__Given data__:
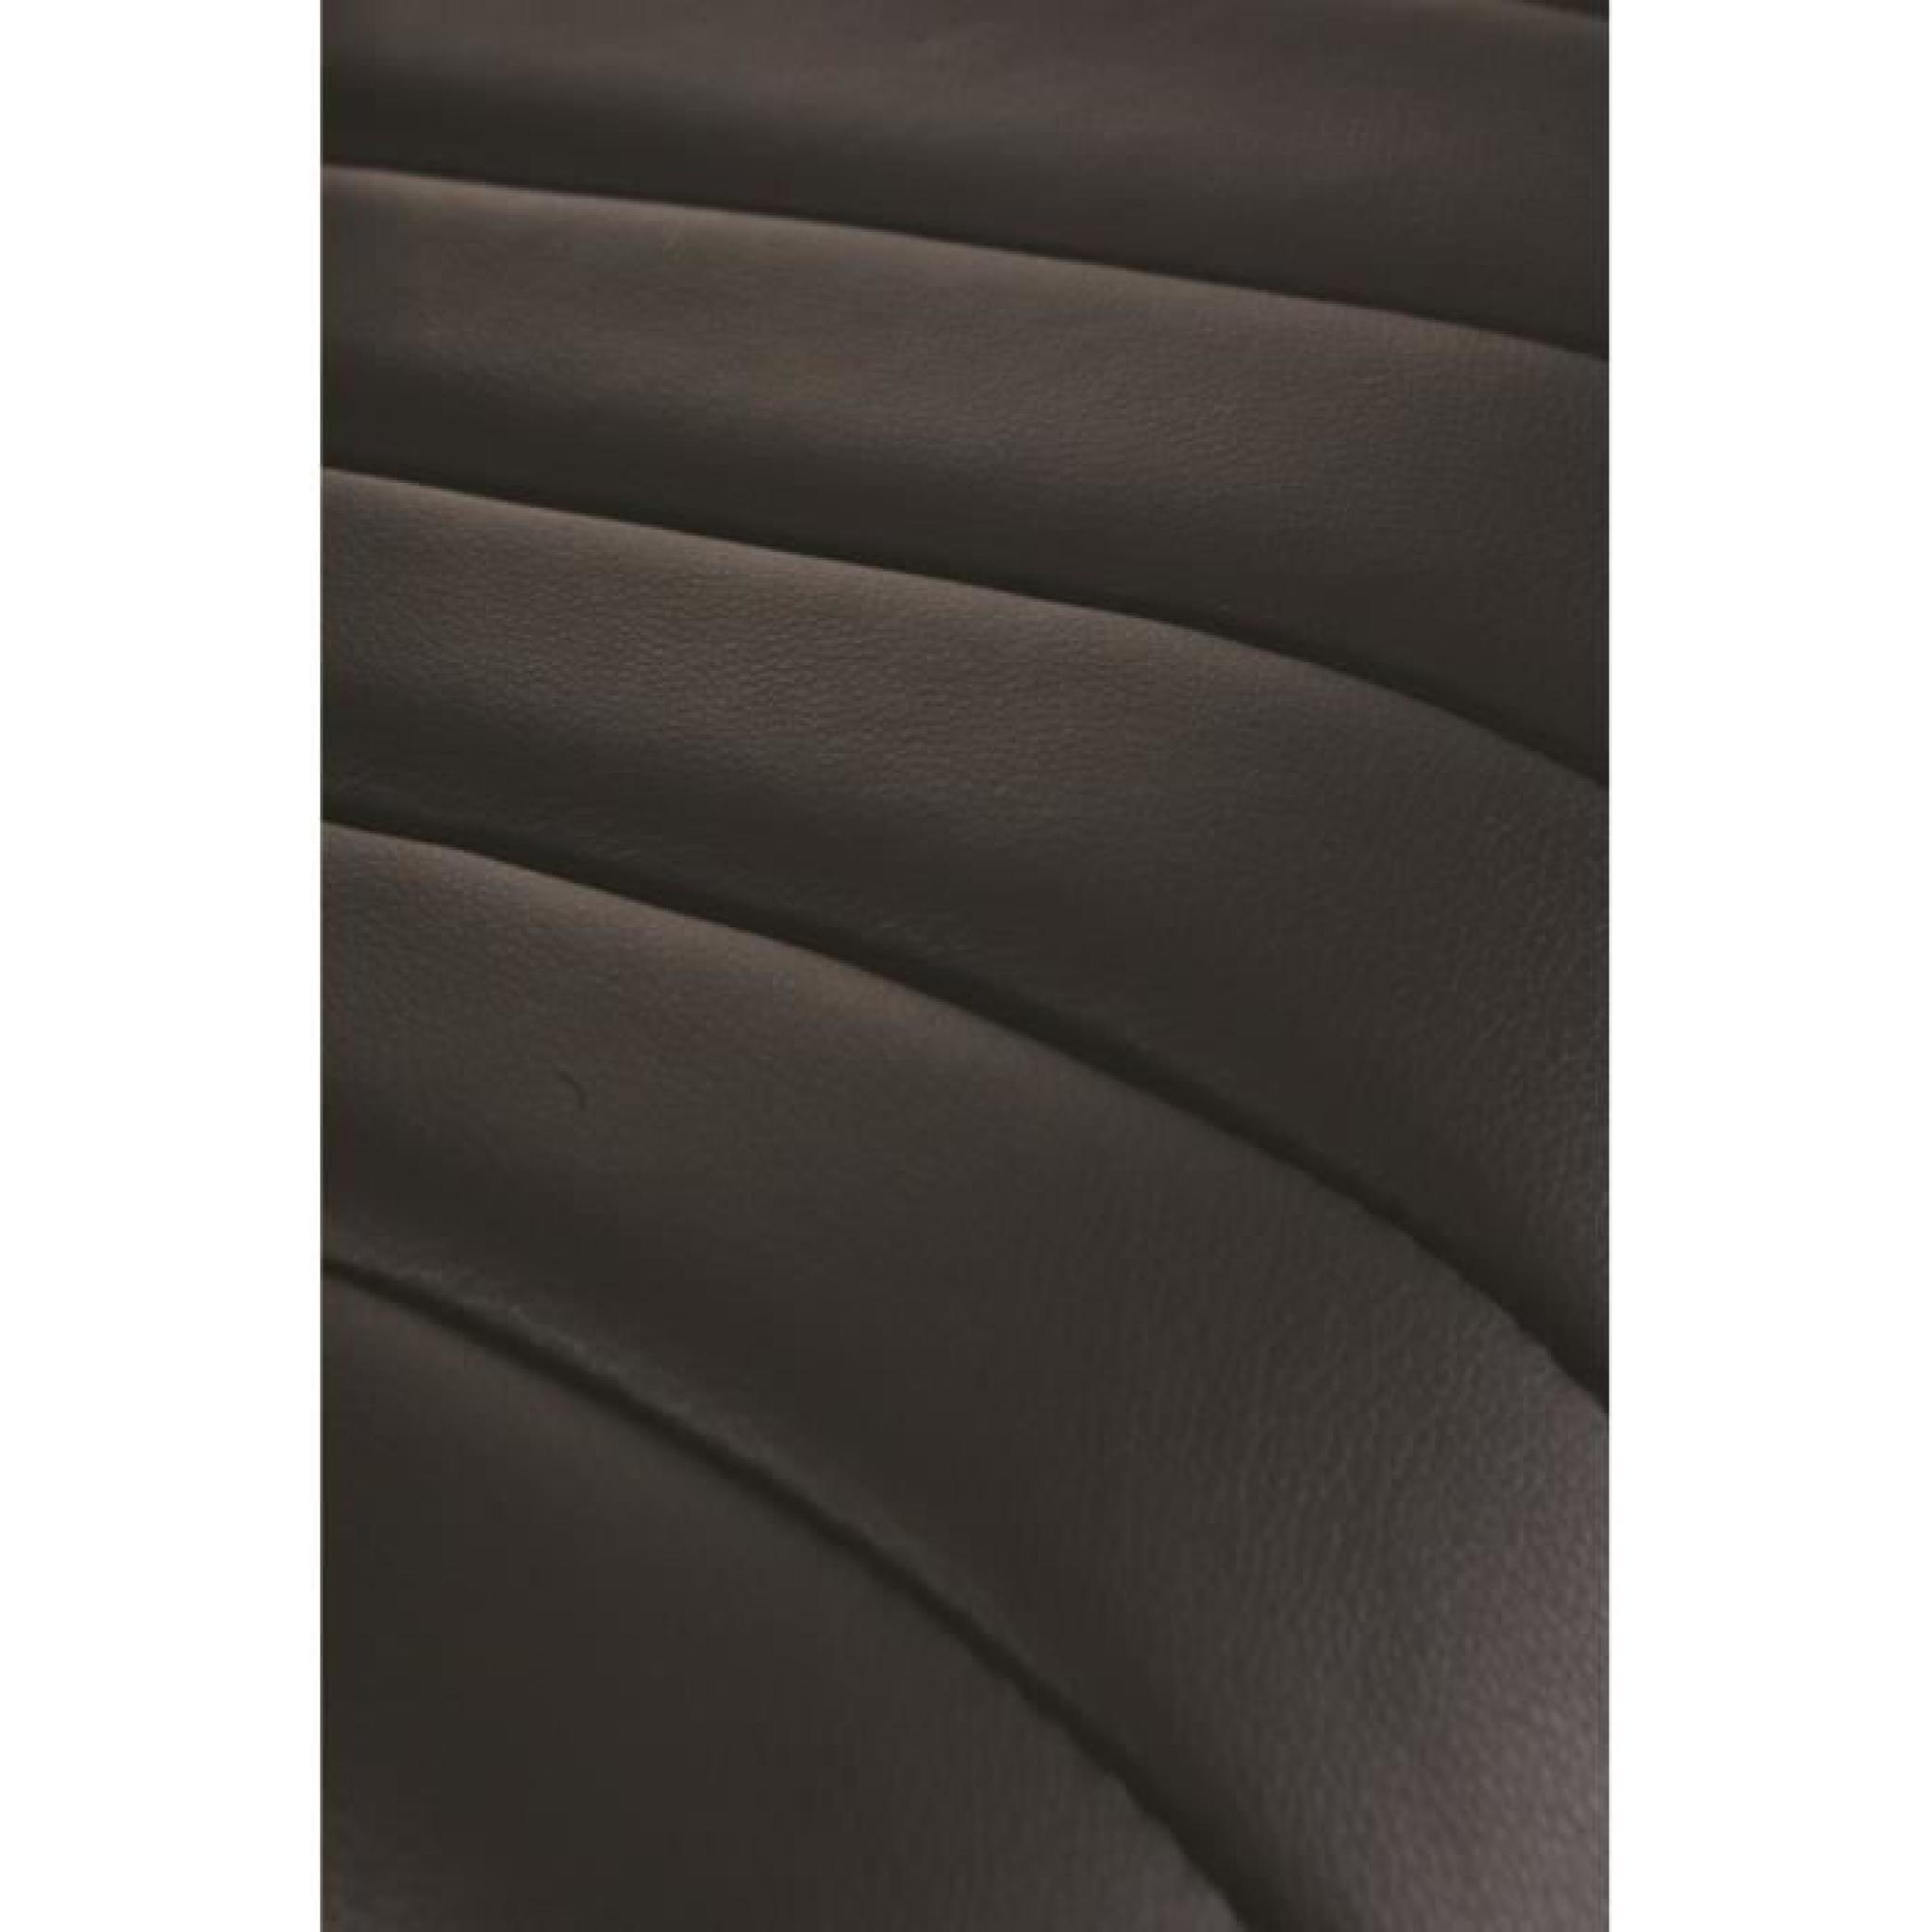 Tabouret de bar, Coloris noir, 45 x 90 x 44 cm pas cher
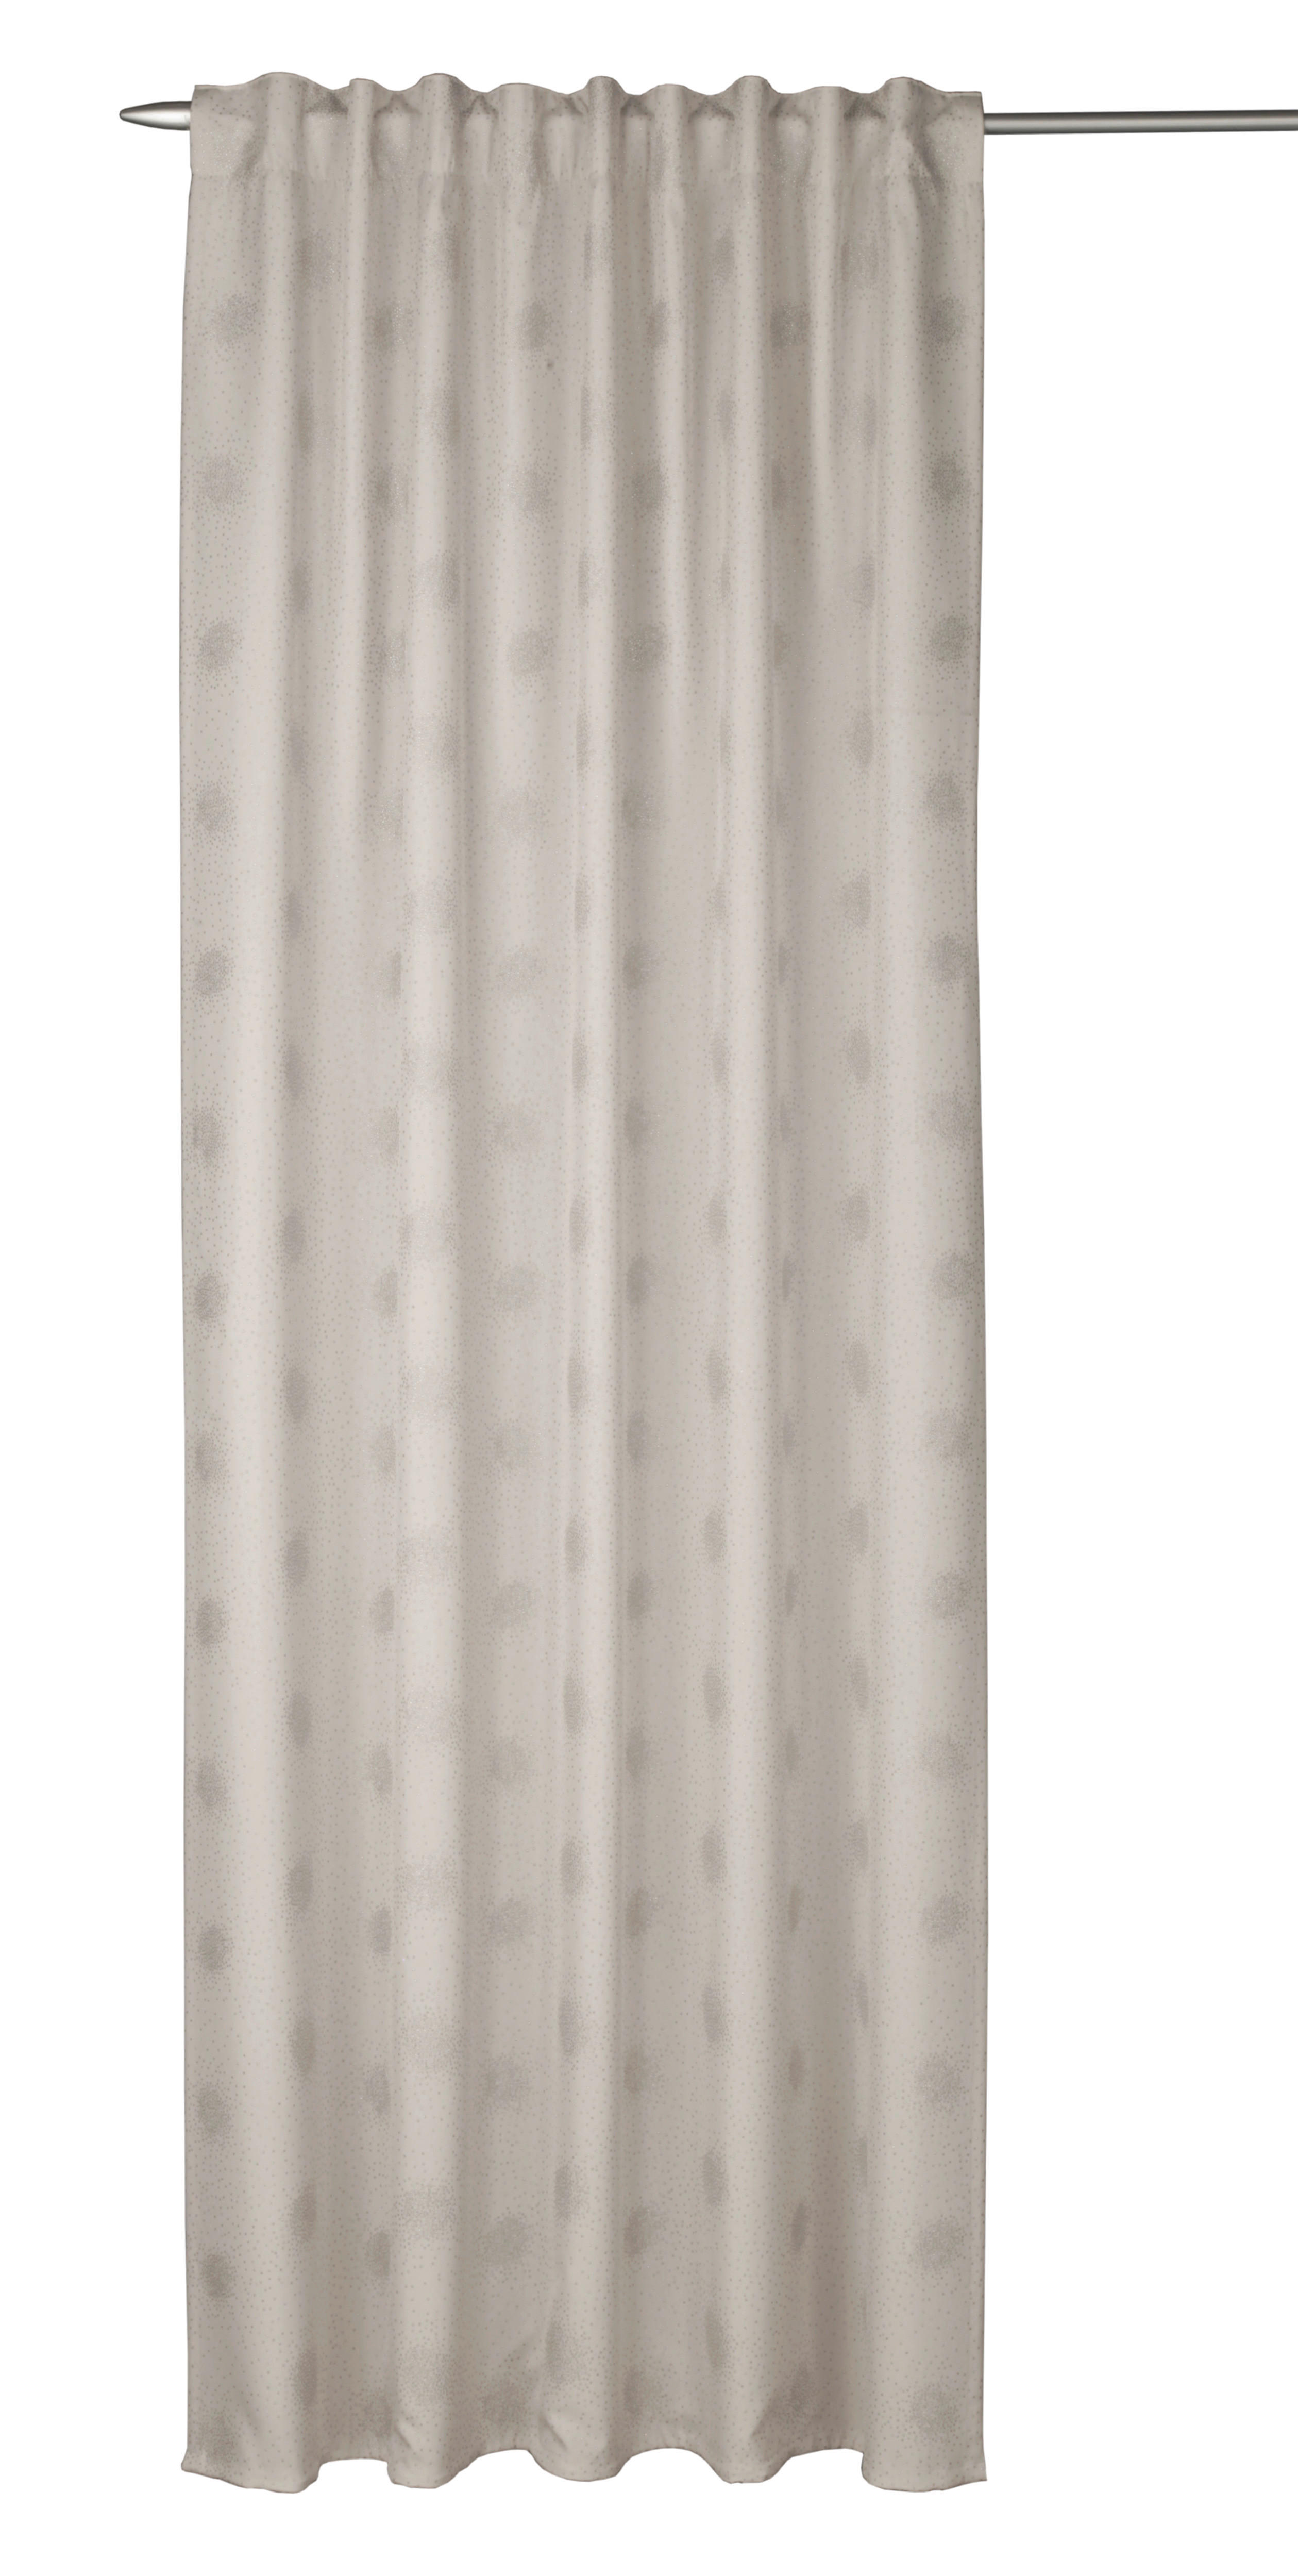 Esposa HOTOVÝ ZÁVĚS, zatemnění, 135/255 cm - barvy stříbra
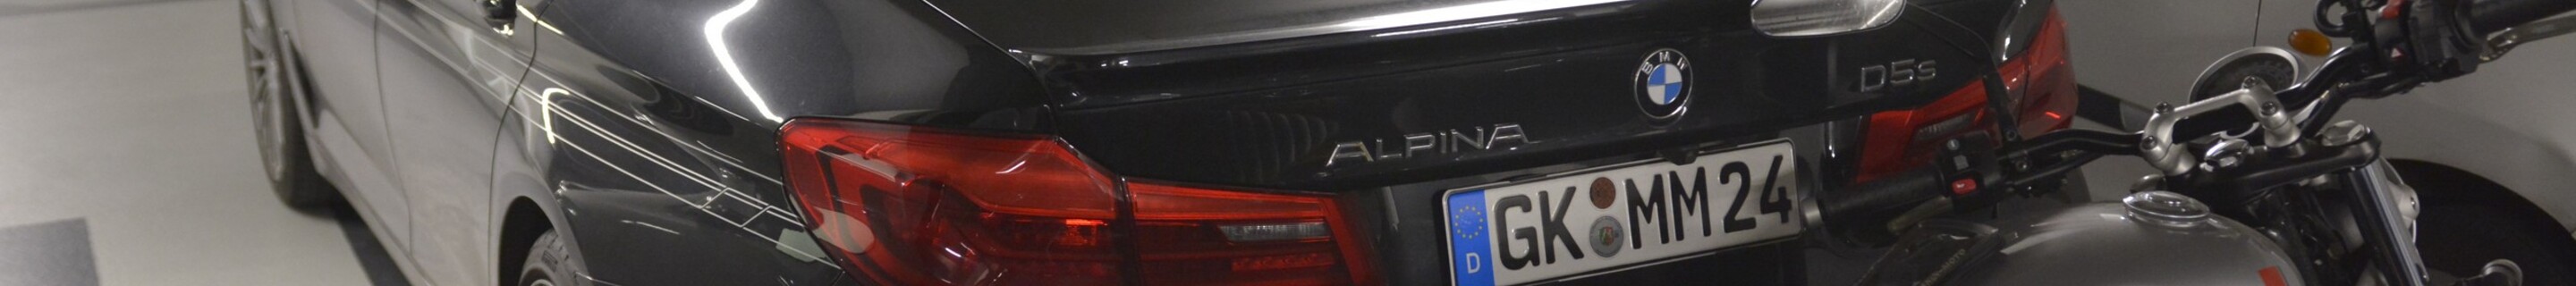 Alpina D5 S Allrad 2017

__Work required__: Would you set down each line of the listing above exactly, apart from the pictures?

__Written response__:
 Tabouret de bar, Coloris noir, 45 x 90 x 44 cm pas cher
 Esposa HOTOVÝ ZÁVĚS, zatemnění, 135/255 cm - barvy stříbra
 Alpina D5 S Allrad 2017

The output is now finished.